In the end we delete from the WorkersManagerSQS the message it finished.
21. Local Application reads SQS message (in the function isDoneMessage) and checks if it has the word "done" in it. If so, we return the message in it.
22. Local Application downloads summary file from S3 with the information from the message received before, and returns it.
23. Local Application creates html output file.
24. If the local application got "Terminate" in the arguments, than it sends a "Terminate" message to the Manager via LocalManagerSQS. Otherwise, the local application finish it's job and terminates.
25. The thread of the LocalManagerCommunication takes the new message of "Terminate" (if exists) from LocalManagerSQS and apply the function Terminate.
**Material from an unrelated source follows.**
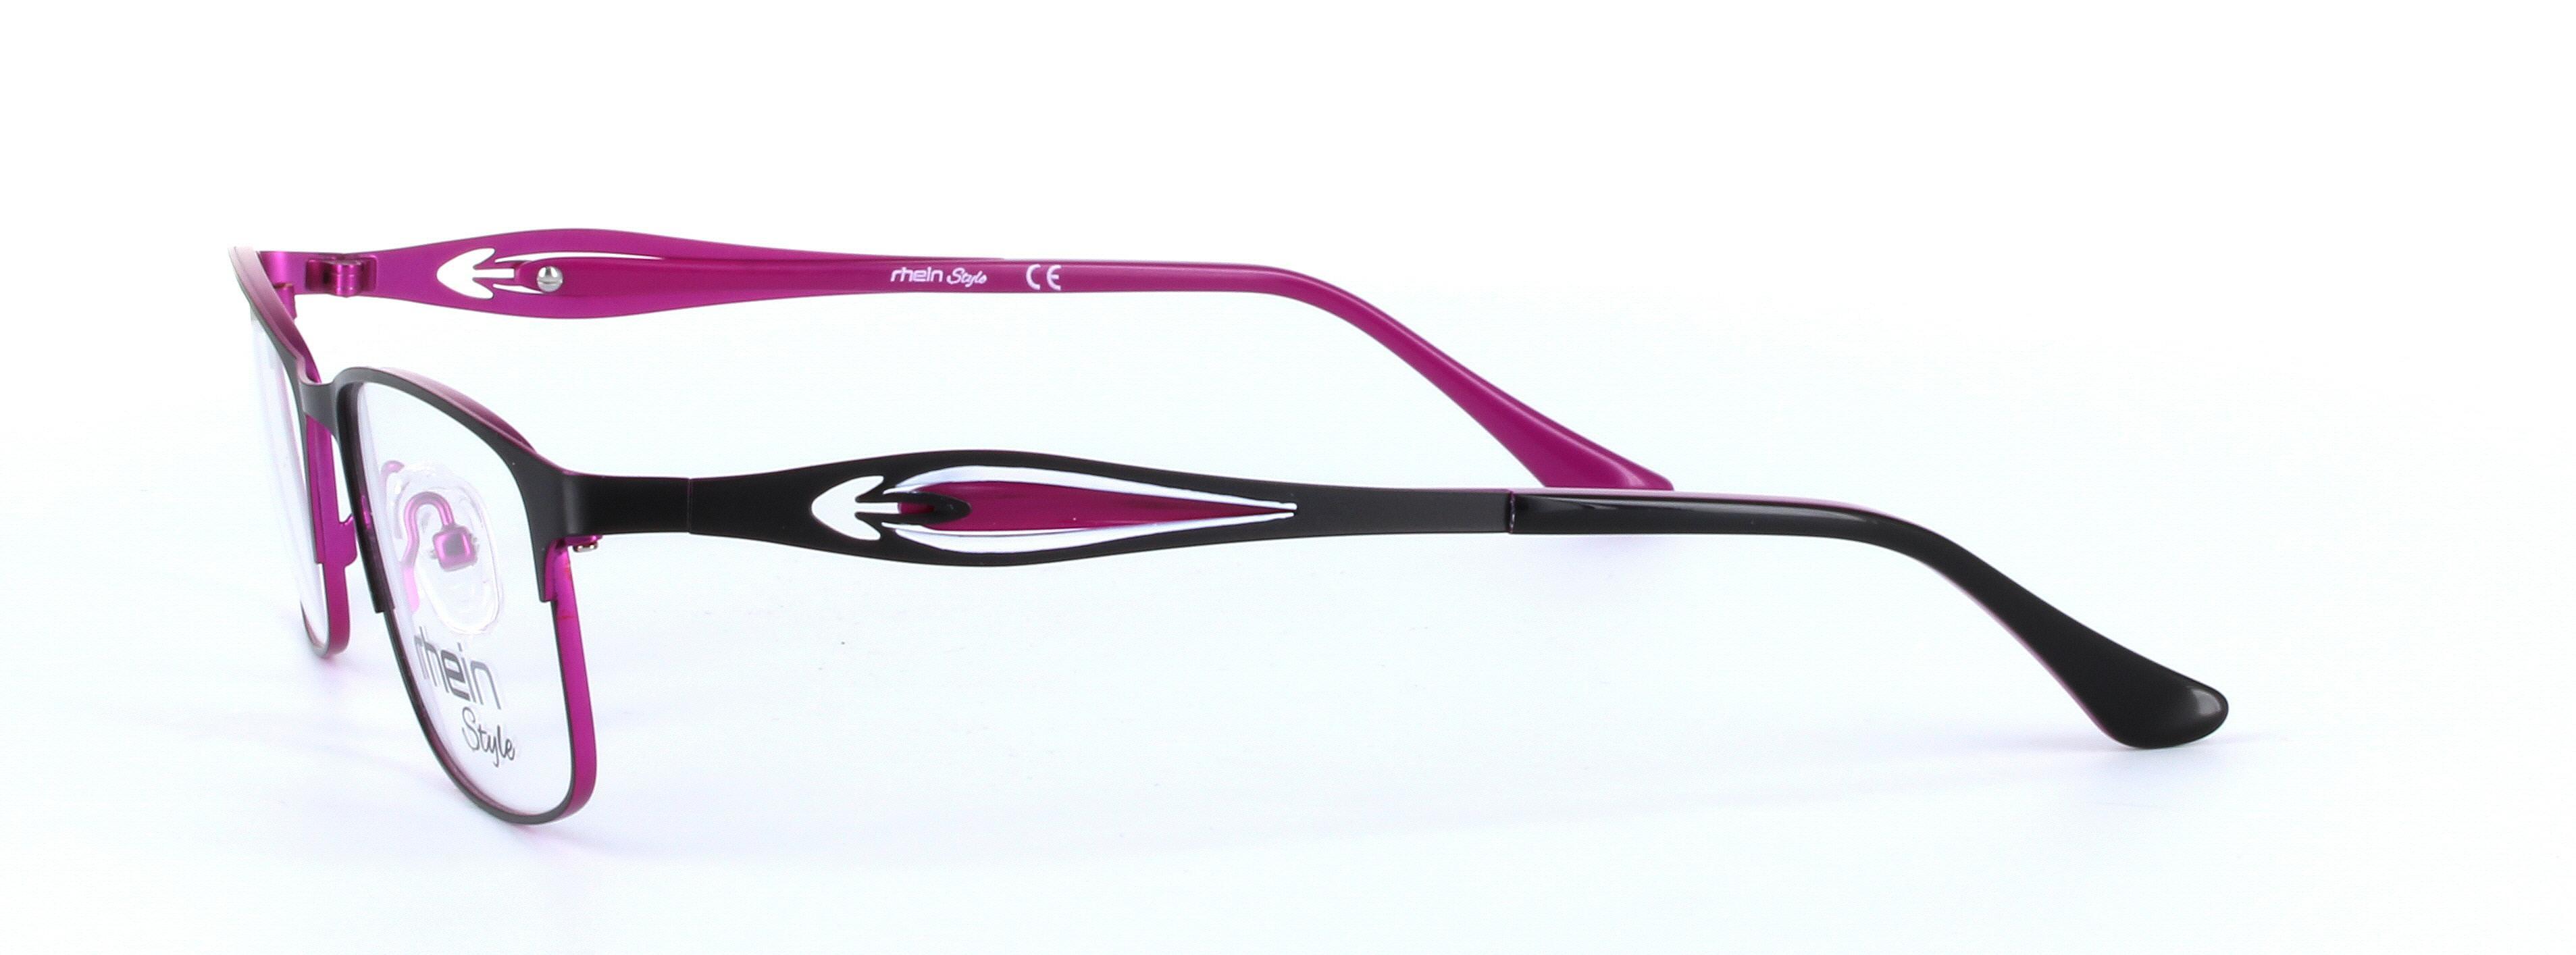 Canberra Black and Pink Full Rim Rectangular Metal Glasses - Image View 2

The function Terminate updates the value of Done to be true, and then waits for all the tasks that the manager already taking care of will be done. After all the tasks are done the localManagerCommunication interrupt the Workerschecker thread (so it won't make new workers), and terminates all the instances of workers, and deletes the LocalManagerSQS, the ManagerWorkersSQS and WorkersManagerSQS. Finally it terminates the instance of the Manager EC2.
- Running Times -
n=6 time= 3 min
n=14 time= 3 min
- Security -
We use the plugin: AWS Toolkit
which allow us to save the credential on a local file and connect without revealing the details.
- Scalability -
The manager contain 3 threads in order to divide his work.
The 2 first threads cause the manager to never wait because one thread checks the LocalsManagerSQS
and the other checks the WorkersManagerSQS.
We created the DataBase class to handle the connection between the thread.
Moreover, we don't save anything in the Manager memory, just the number of tasks the Manager has, the number of workers, and the EC2 object (of the workers).
The numbers don't take uo a lot of memory (even a very big number) and also the pointers to the EC2 object.
- Persistence -
worker will delete a task from the queue only after its done. If something happend and the worker couldn't finish the task, the task will go back to the queue and another worker will take it.
In order to deal with the case thet a node stalls for a while, we updated to a longer time the visibility time out, so the worker has eonogh time to finish his job.
- Threads -
The manager contain 3 threads:
1. for the connaction between the local to the manager- includes handling New-Task messages or termination messages
2. for the connaction between the worker to the manager- includes handling the worker's response
and sending the final result to the relevant local.
3. for checking if all of the workers are working - if a worker suddenly terminate, the worker replace with new EC2 (& update in the DataBase).
- More than one client at the same time -
Checked!
- Termination -
After a local get respone, the local require to:
- Delete his own queue from SQS
- Delete the manager's response file from S3
- Delete his own buccket from S3
After the local send termination message, the manager require to:
- Terminate the running workers
- Delete the queues: LocalManagerSQS, ManagerWorkersSQS, WorkersManagerSQS
- Terminate himself
- Division of tasks -
We desided to limit the queues to one message at a time, in that way the tasks are shared equally among the workers.
- Managing tasks -
Each local has its own bucket.
Inside the bucket there is the input file and later 2 more files:
the summary file and a file for the amount of images left.
When a worker returns an answer to the manager, its indicates to which bucket the result belongs
and thus there is no mixing of results between the different locals.